Prime Minister William Pitt referred the request to the First Lord of the Admiralty, Earl Spencer, for a decision; Spencer in turn called on his close friend Sir Joseph for advice. Banks had already received through Otto’s office a letter from his opposite number in Paris, Professor Antoine-Laurent de Jussieu and his colleagues of the 'Institute National' of France:

‘The 'Institute National' is desirous that several distant voyages useful to the progress of human knowledge should begin without delay. Its wishes have been endorsed by our Government which has just issued orders for the preparation as soon as possible of expeditions led by skilful navigators as well as enlightened men of science, and will approach the Government of your country for the necessary passports or safe-conducts for our vessels.

The 'Institute National' considers that it is precisely at the moment when war still burdens the world that the friends of humanity should work for it, by advancing the limits of science and of useful arts by means of enterprises similar to those which have immortalised the great navigators of our two nations and the illustrious men of science who have scoured sea and land to study nature, where they could do so with the greatest success.
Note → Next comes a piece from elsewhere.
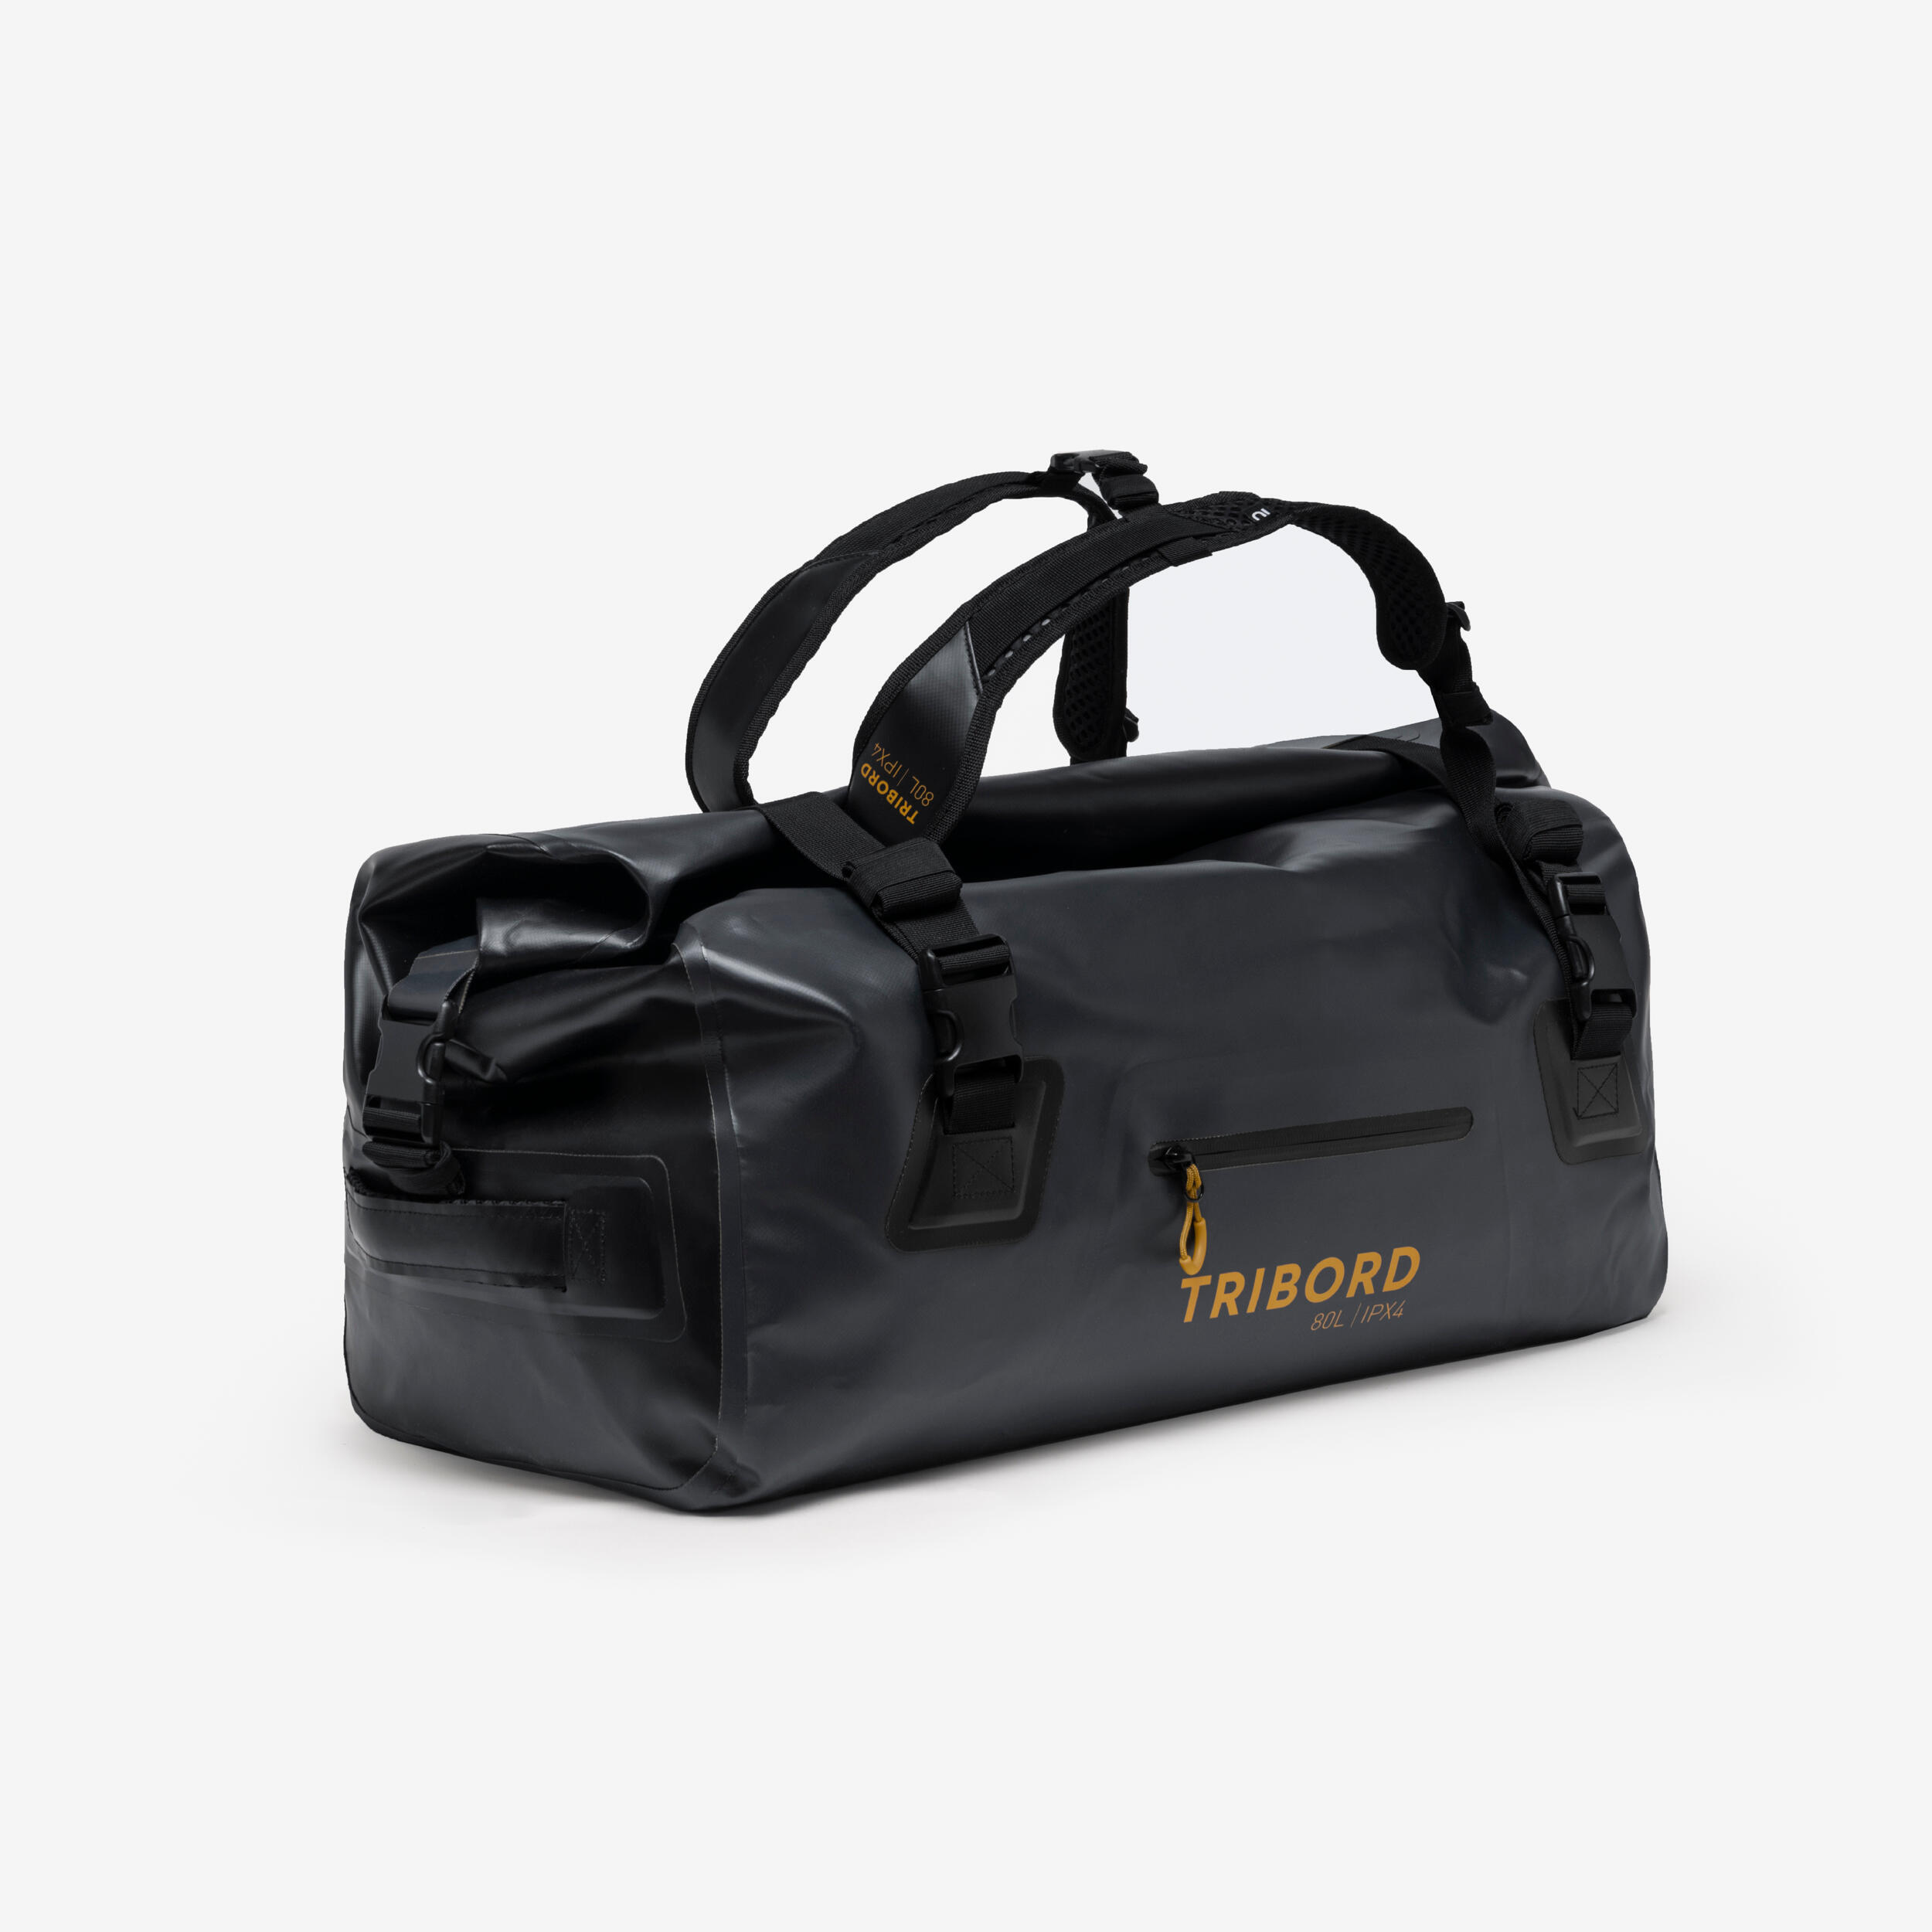 Waterproof duffle bag - 80 L travel bag Anthracite black 2/16

We hasten to beg you, as one of the most distinguished members of the commonwealth of learning, to use your good offices with your Government with that zeal which has always inspired you to work in the interests of humanity, to renew those marks of respect for science which our two nations have more than once given, and therefore to secure the prompt despatch of the passports which will be requested…’ (de Beer, 1960).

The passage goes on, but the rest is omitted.